DIRECTIONS: Your copy of the data below must be exact and must leave out all pictures.

DATA SEGMENT:
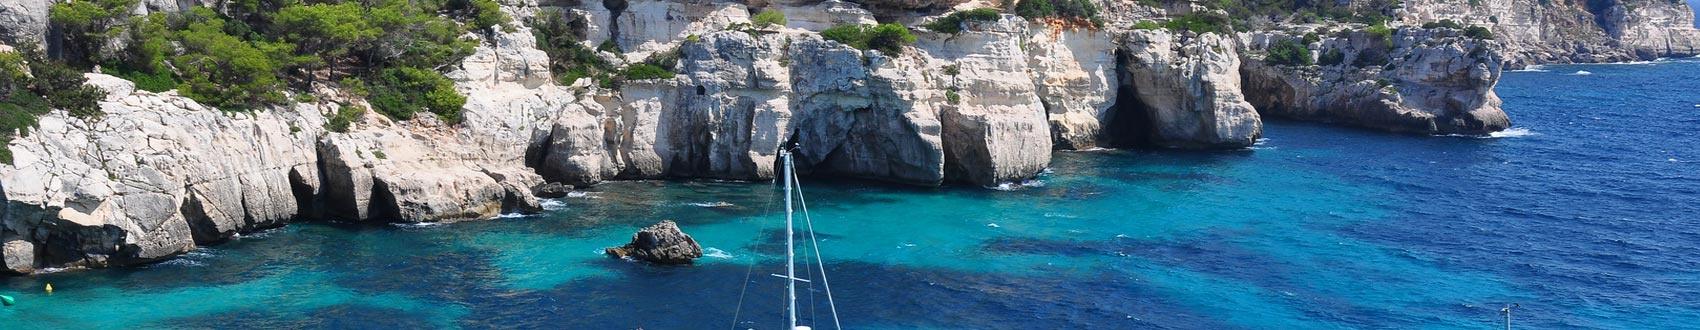 Poczuj energiê Qi - Czartery Jachtów i Rejsy Morskie Last Minute Jachtem na Morzu ¦ródziemnym TUI | Geo-Sail
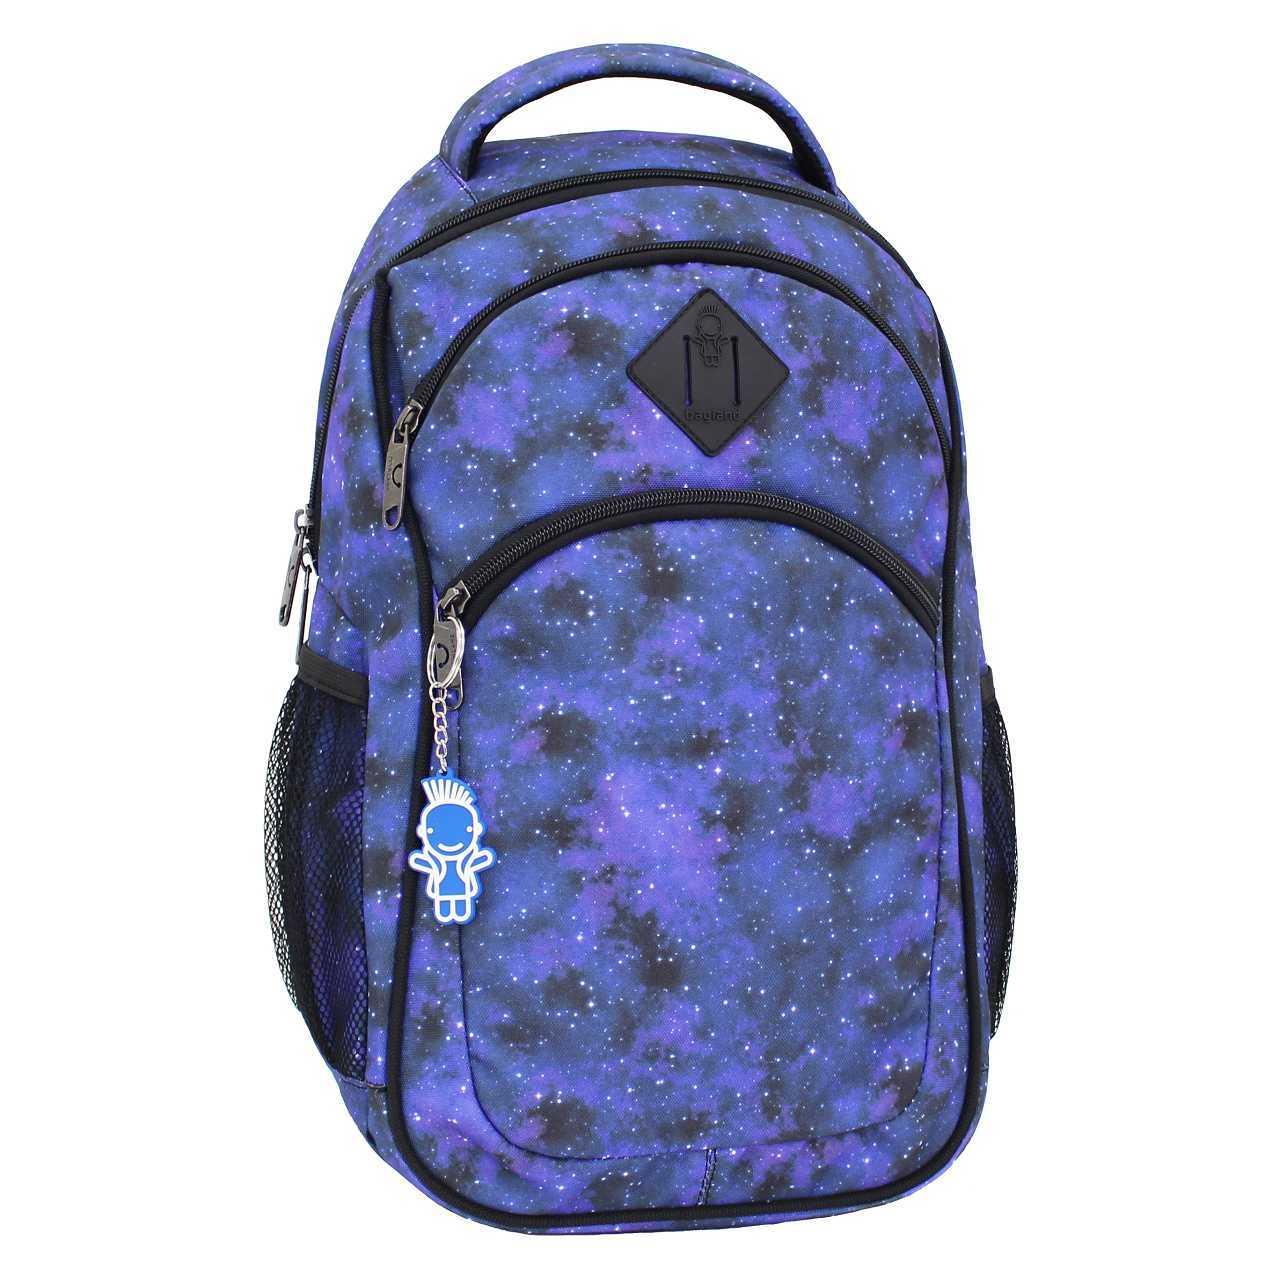 Городские рюкзаки Рюкзак Bagland Лик 21 л. сублимация (космос) (00557664) IMG_7653.jpg
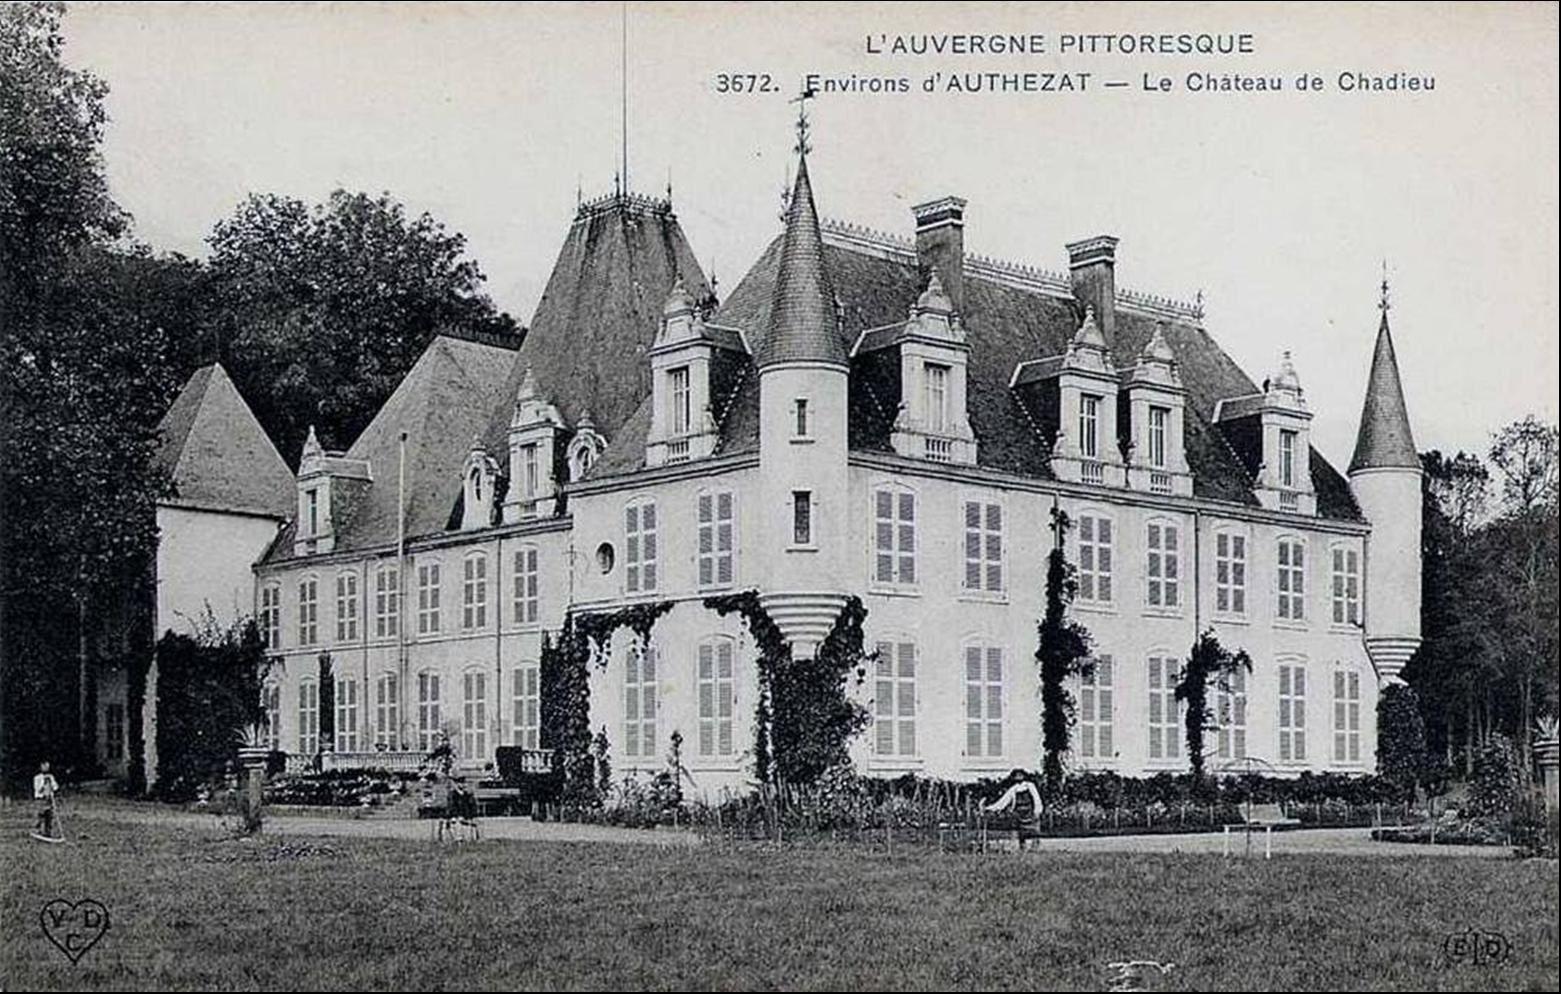 Le chateau de Chadieu

RESPONSE TO THE TASK:
 Poczuj energiê Qi - Czartery Jachtów i Rejsy Morskie Last Minute Jachtem na Morzu ¦ródziemnym TUI | Geo-Sail
 Городские рюкзаки Рюкзак Bagland Лик 21 л. сублимация (космос) (00557664) IMG_7653.jpg
 Le chateau de Chadieu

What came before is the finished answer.